Run Gene Quality Control (QC) function

Usage

run_RefGeneQC(
  ASE_df,
  XCI_ref,
  SNP_DETECTION_DP = 30,
  SNP_DETECTION_MAF = 0.1,
  SAMPLE_NUM_THR = 3,
  HE_allele_cell_number_THR = 50,
  QC_total_allele_THR = 10
)

Arguments

ASE_df

A dataframe (tibble) containing single-cell allele-specific expression (scASE) data for all samples. This dataframe should have the following columns:

  • SNP_ID: SNP identifier

  • POS: Genomic position of the SNP (GRCh38)

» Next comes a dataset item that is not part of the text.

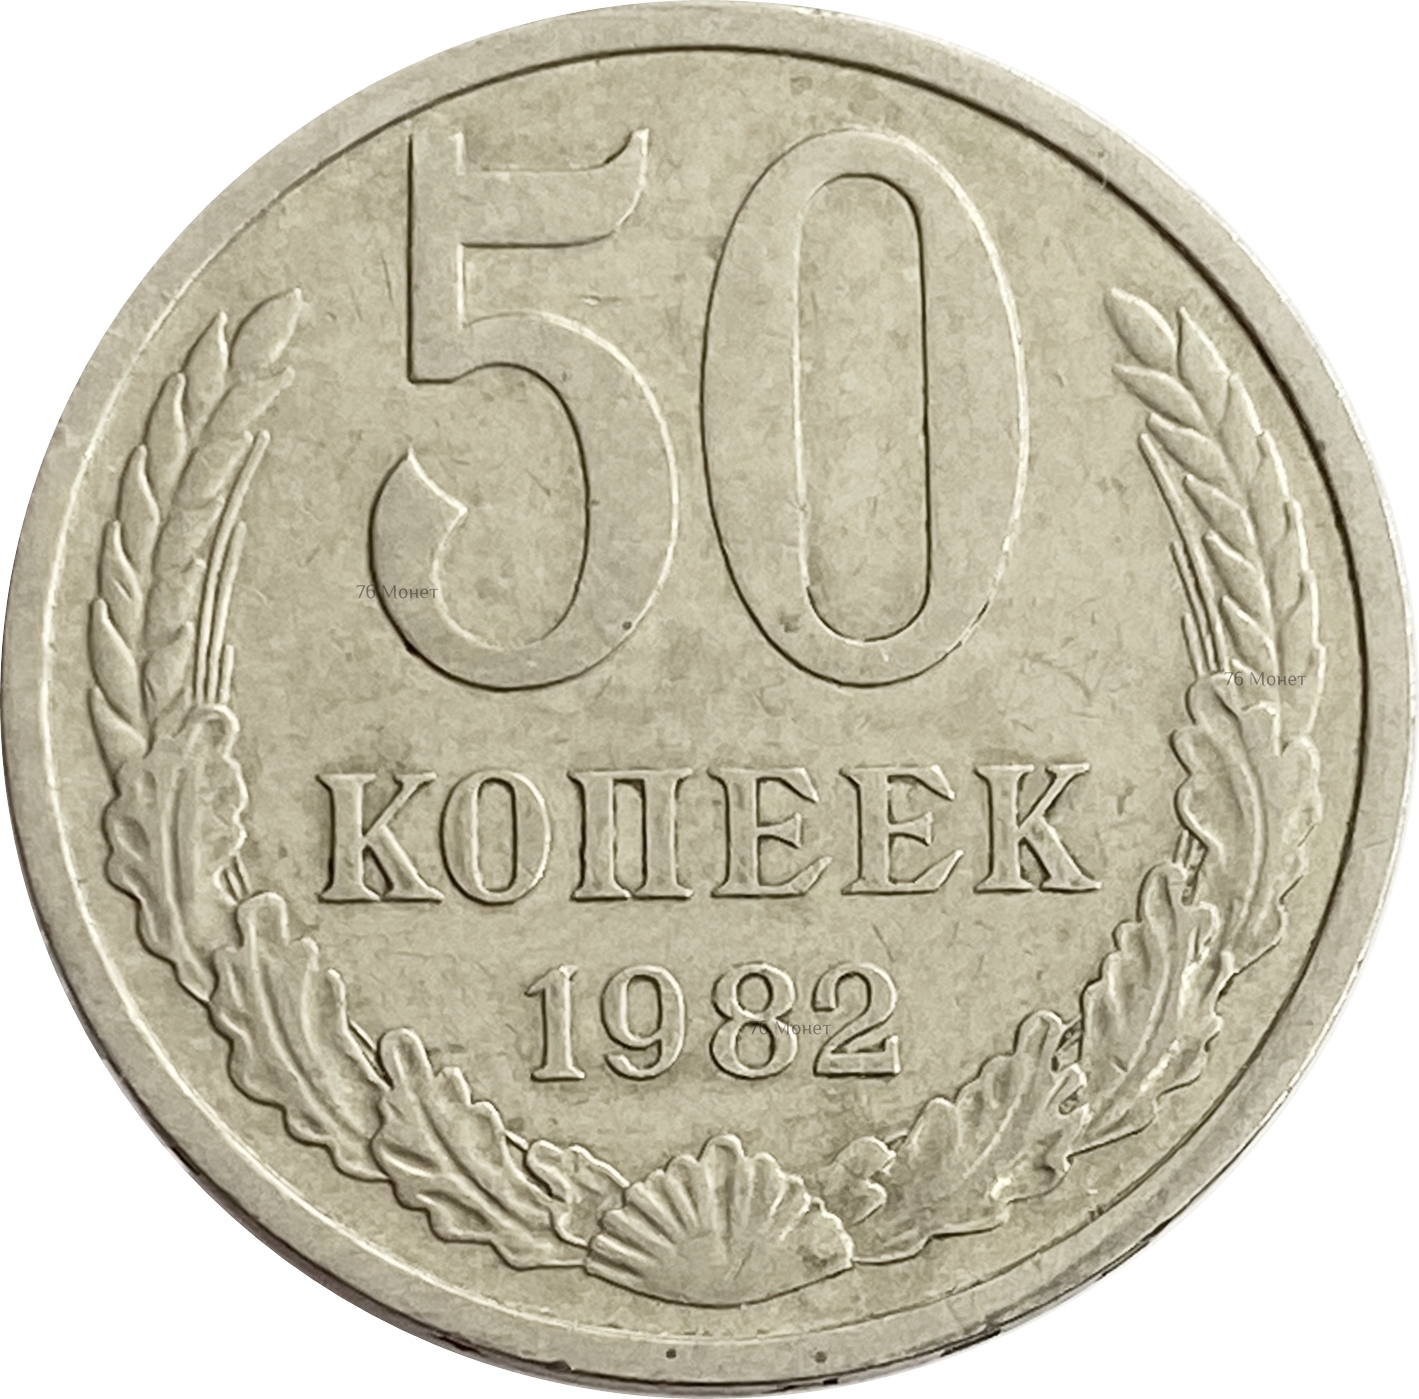 Монета пятьдесят копеек пятьдесят лет. 50 Копеек 1961. Мунгу монета. 50 Копеек СССР 1961. Монета 20 копеек СССР 1991 год.

  • REF: Reference allele of the SNP A,T,G,C

  • ALT: Alternative allele of the SNP A,T,G,C

  • cell_barcode: Cell barcode

  • REFcount: Allelic expression of the reference allele

  • ALTcount: Allelic expression of the alternative allele

  • OTHcount: Allelic expression of the other allele

  • Sample_ID: Sample ID

  • Gene: Gene annotated to the SNP

XCI_ref

A dataframe (tibble) containing X chromosome inactivation status. This dataframe should have the following two columns:

  • Gene: Gene name

  • XCI_status: XCI status escape, variable, inactive

SNP_DETECTION_DP

Threshold for the total allele count (depth) of the SNP in the scASE data. SNP–Sample pairs with a total allele count of at least "SNP_DETECTION_DP" are used for the analysis. Default: 30.

SNP_DETECTION_MAF

Threshold for the minor allele count of the scASE data. SNP–Sample pairs with a minor allele ratio between "SNP_DETECTION_MAF" and "1 - SNP_DETECTION_MAF" are used for the analysis. Default: 0.1.

SAMPLE_NUM_THR

Threshold for the sample size used in the calculation of the ratio of expression from Xi. Genes evaluated in at least SAMPLE_NUM_THR samples are used for the calculation of the ratio of expression from Xi. Default: 3.

HE_allele_cell_number_THR

Threshold for the number of cells expressing reference SNPs. Candidate reference SNPs expressed in at least "HE_allele_cell_number_THR" cells are used for the analysis. Default: 50.

QC_total_allele_THR

Threshold for the total allele count (depth) of the SNP used for calculating the ratio of expression from Xi. Note that this count is calculated with cells successfully assigned to the group based on the inactivated X chromosome. This filter is applied in the final step of scLinax and differs from "SNP_DETECTION_DP". Default: 10.

Value

A dataframe (tibble) with the following columns:

  • Gene: Gene name

  • Mean_AR_target, SD_AR_target: Mean and standard deviation of the ratio of expression from Xi across other candidate reference genes when the SNPs on the gene were used as references

  • Mean_AR_reference, SD_AR_reference: Mean and standard deviation of the ratio of expression from Xi for the gene when SNPs on other candidate reference genes were used as references

  • Mean_Total_allele_target, SD_Total_allele_target: Mean and standard deviation of the total allele count across data points when calculating the ARs defined above for target.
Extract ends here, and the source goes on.